Lily, depuis son retour en ville, n’avait pas grimpé souvent l’escalier de miss Farish. Il y avait pour elle quelque chose d’irritant dans la muette interrogation de la sympathie de Gerty : elle sentait que les réelles difficultés de sa situation ne pouvaient se communiquer à quelqu’un qui avait une théorie des valeurs respectives si différente de la sienne, et la vie restreinte de Gerty, qui avait autrefois le charme du contraste, lui rappelait maintenant trop péniblement les limites où sa propre existence allait se réduire. Lorsque enfin, une après-midi, elle mit à exécution le projet longtemps différé de rendre visite à son amie, le sentiment des occasions évanouies s’était emparé d’elle avec une violence inaccoutumée. Sa marche le long de la Cinquième Avenue, qui développait devant elle, dans le vif éclat d’un soleil d’hiver, une interminable procession de luxueux équipages, — à travers les petites fenêtres carrées des coupés, c’étaient des profils familiers penchés sur des listes de visites, où des mains pressées remettant des mots et des cartes au valet de pied, — ce coup d’œil sur les roues toujours en mouvement de la grande machine mondaine, fit paraître à Lily plus dur et plus étroit que jamais l’escalier de Gerty, comme la vie en cul-de-sac à laquelle il conduisait. Morne escalier destiné à être gravi par des gens mornes : combien de milliers de figures insignifiantes montaient et descendaient de pareils escaliers, à ce même instant, de par le monde, — figures aussi usées et aussi peu intéressantes que celle de cette dame d’âge moyen, vêtue de noir flasque, qui descendait les étages de Gerty comme Lily les montait !…

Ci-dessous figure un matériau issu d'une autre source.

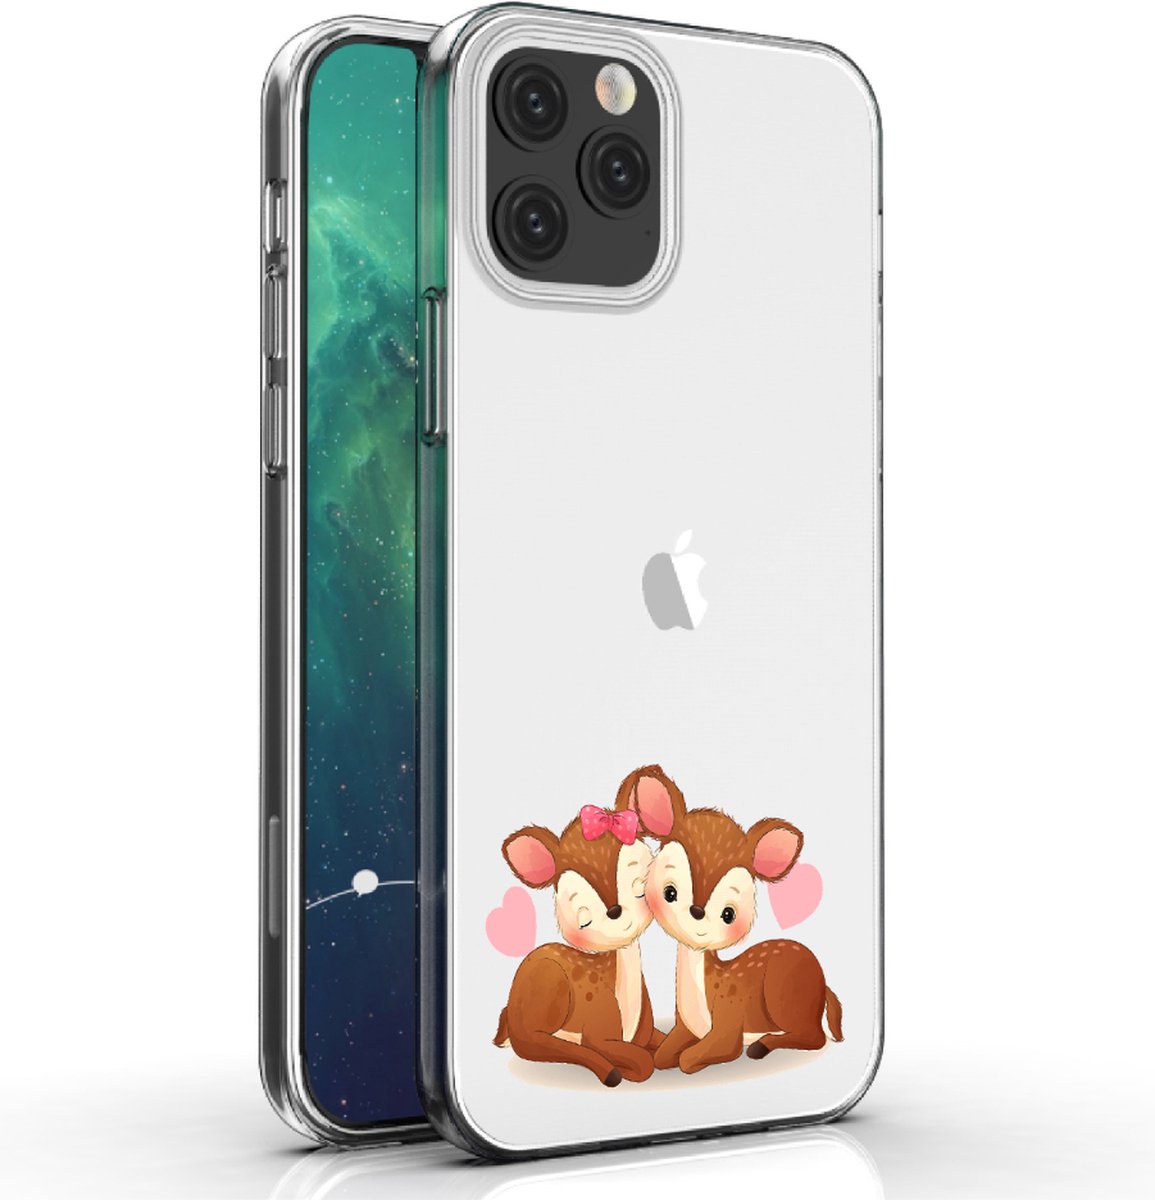 Apple Iphone 12 Pro Max telefoonhoesje transparant siliconen hoesje - Hertjes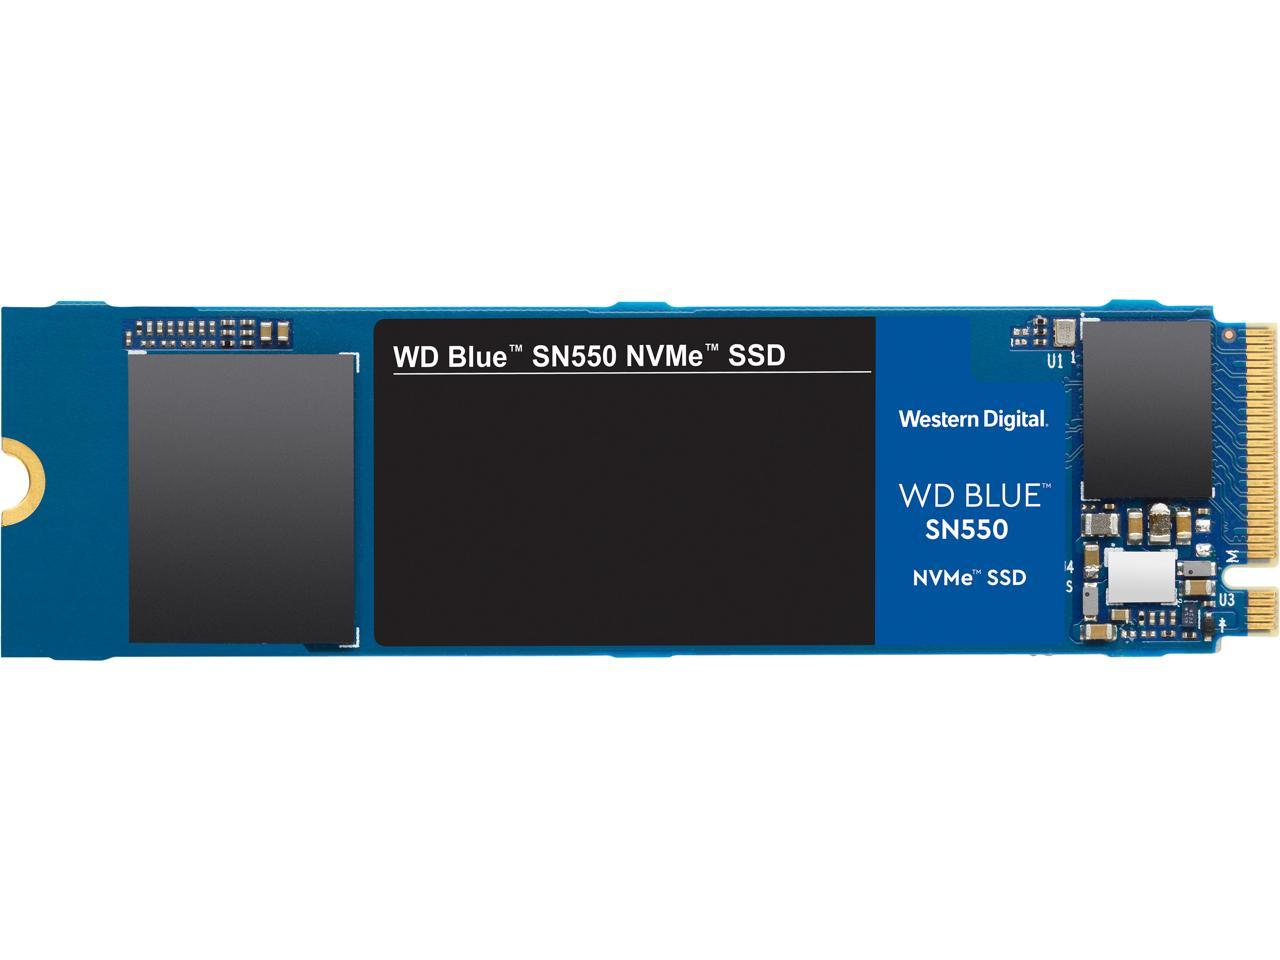 500GB SN550, Western Digital WD Blue, NVMe Internal SSD for $49.99

— C’est la pauvre miss Jane Silverton… Elle est venue me parler de sa situation : elle et sa sœur veulent faire quelque chose pour vivre, — expliqua Gerty, tandis que Lily la suivait dans son petit salon.

— Pour vivre ?… en sont-elles là ? — demanda miss Bart avec une pointe d’irritation.

Elle n’était pas venue pour écouter les infortunes des autres.

— J’ai bien peur qu’il ne leur reste plus rien : les dettes de Ned ont tout englouti. Elles avaient tant d’espoir, vous savez, après sa rupture avec Carry Fisher ! Elles s’imaginaient que Bertha Dorset aurait une si bonne influence, parce qu’elle n’aime pas les cartes !… Et, ma foi, elle a tenu des discours magnifiques à cette pauvre miss Jane : elle considérait Ned comme son frère cadet, et elle voulait l’emmener sur son yacht pour lui donner une chance de renoncer au jeu et aux courses, et de reprendre ses travaux littéraires.

Miss Farish s’arrêta. Son soupir exprimait la perplexité de la visiteuse qui venait de partir :

— Mais ce n’est pas tout, il y a pis. Il paraît que Ned s’est brouillé avec les Dorset ; ou plutôt Bertha ne veut plus le voir, et il en est si malheureux qu’il s’est remis à jouer et qu’il circule avec toute sorte de gens bizarres. Et ma cousine Grace Van Osburgh l’accuse d’avoir une très mauvaise influence sur Bertie, qui a quitté Harvard, le printemps dernier, et est sans cesse avec Ned depuis. Elle a envoyé chercher miss Jane, et lui a fait une scène terrible ; et Jack Stepney et Herbert Melson, qui étaient là, ont raconté à miss Jane que Bertie menaçait d’épouser une vilaine femme à qui Ned l’avait présenté, et qu’il n’y avait rien à faire avec lui, car maintenant il est en âge d’avoir sa fortune. Vous pouvez vous imaginer dans quel état était miss Jane : elle est venue tout de suite à moi et semblait penser que, si je lui trouvais quelque chose à faire, elle pourrait gagner de quoi payer les dettes de Ned et l’envoyer au loin… J’ai peur qu’elle n’ait aucune idée du temps qu’il lui faudrait pour payer une seule de ses soirées de bridge !… Et il était terriblement endetté à son retour de la croisière… Je ne peux pas comprendre comment il aura pu dépenser encore plus d’argent sous l’influence de Bertie que sous celle de Carry ; et vous ?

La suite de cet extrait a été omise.